The SVD initialization is, although fast, an additional upfront step that scales with the total number of adapted parameters. For very large bases with broad target-module coverage, the full SVD path can take minutes; the randomized variant is recommended in most production settings, but it produces an approximation rather than an exact decomposition.[^1][^3] The choice of rank r is more consequential than in LoRA, because r determines how much of W's spectrum is moved into the trainable factors. The paper notes that, while PiSSA outperforms LoRA at every rank tested, the relative improvement varies with both r and the base model, and the authors do not provide a closed-form recipe for choosing r beyond reporting that ranks similar to those used in the LoRA literature transfer to PiSSA.[^1]
PiSSA is not strictly better than LoRA in every reported setting.
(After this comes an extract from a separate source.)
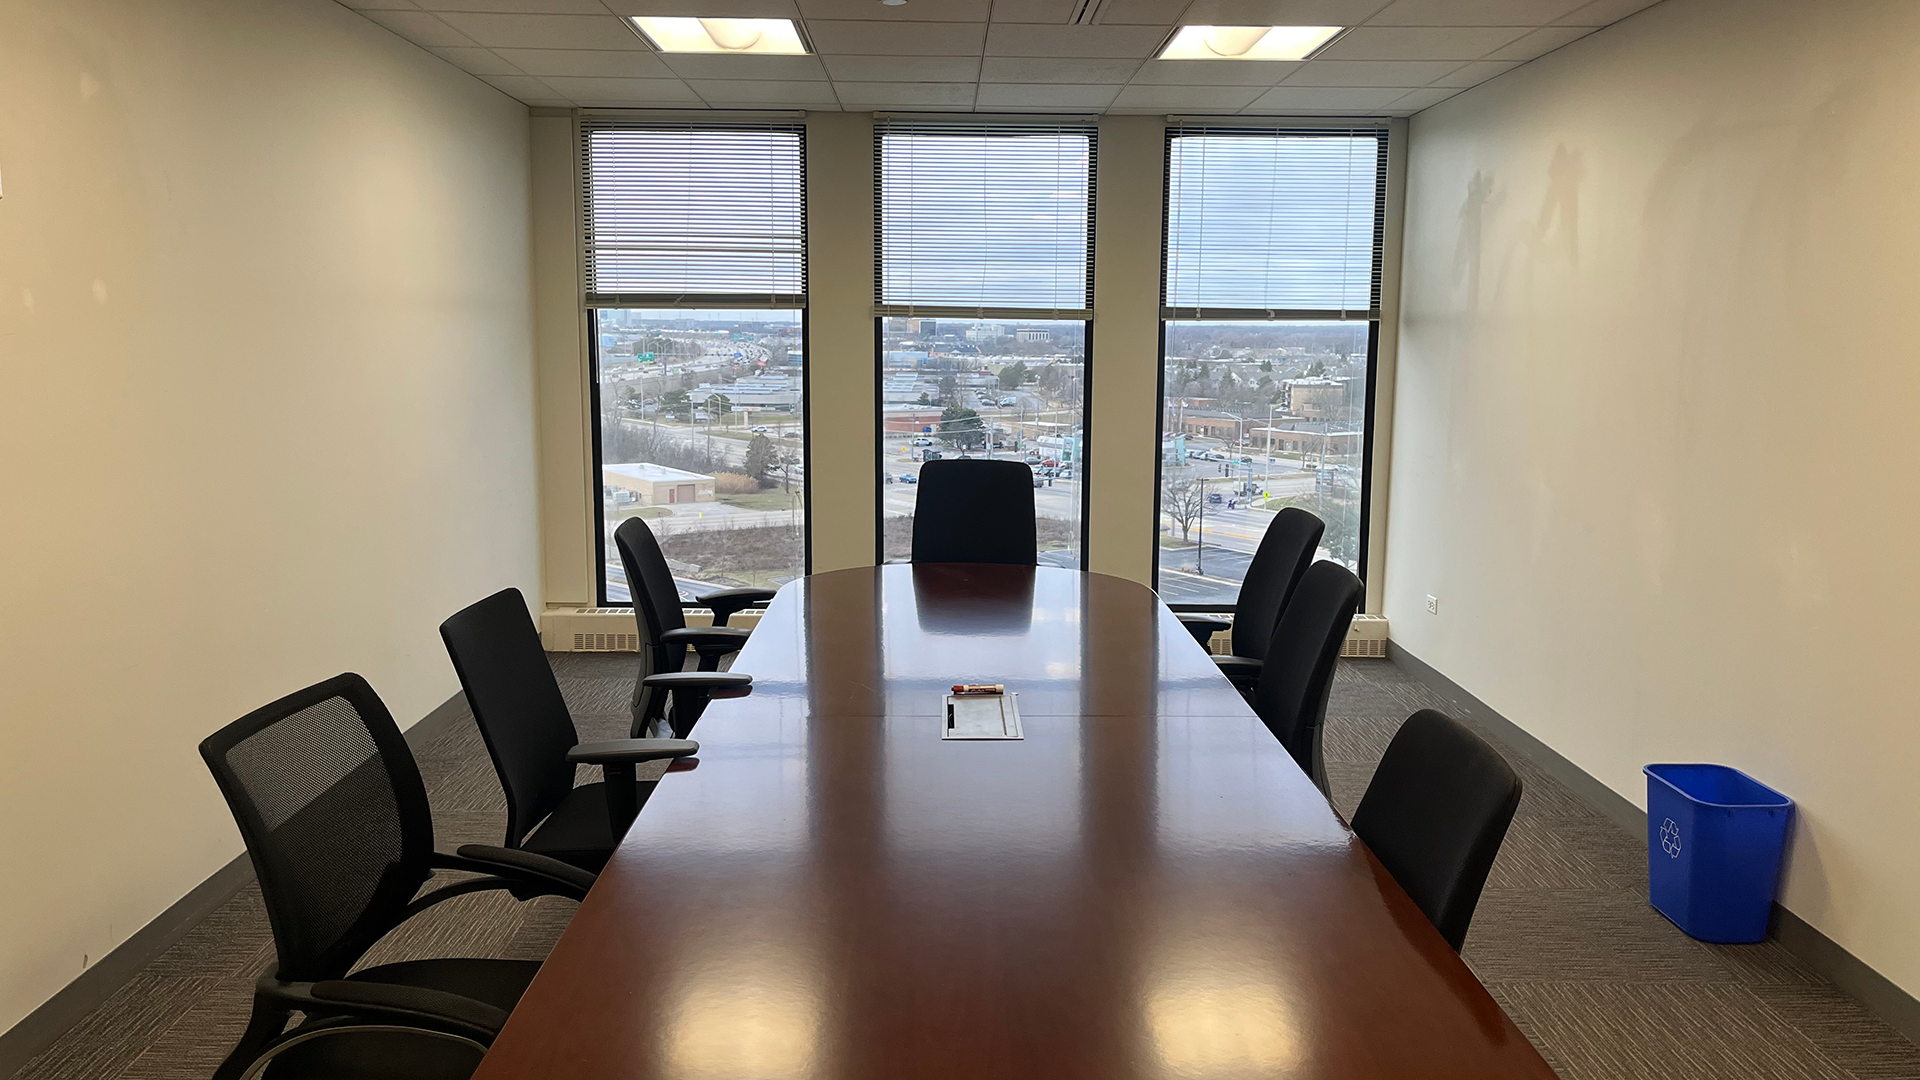 1701 Golf Rd - Conference room

The paper presents results for the DeBERTa v3 base on the GLUE benchmark, where the gap to LoRA narrows substantially compared with the math and code benchmarks, and on some configurations the methods are statistically similar.[^1] The paper's own limitations section also notes that the method has been evaluated almost exclusively on linear layers in transformer-based large language models, and that the effect on convolutional layers or multimodal architectures is not yet well characterized.[^1] A related open question is whether PiSSA benefits from adaptive-rank methods such as AdaLoRA, where the per-layer rank is learned during training; the paper reports a preliminary positive ablation, but the interaction has not been studied in detail outside the original work.[^1]
A more theoretical concern is that the analysis relating gradient alignment to convergence speed is intuitive rather than rigorous: the paper does not prove a bound on convergence rate as a function of singular-value spectrum, and so the "principal directions move first" argument remains a heuristic supported by curves rather than by a formal optimization result.[^1] This has been noted in the NeurIPS reviews accompanying the paper and is identified by the authors themselves as a direction for future theoretical analysis.[^2]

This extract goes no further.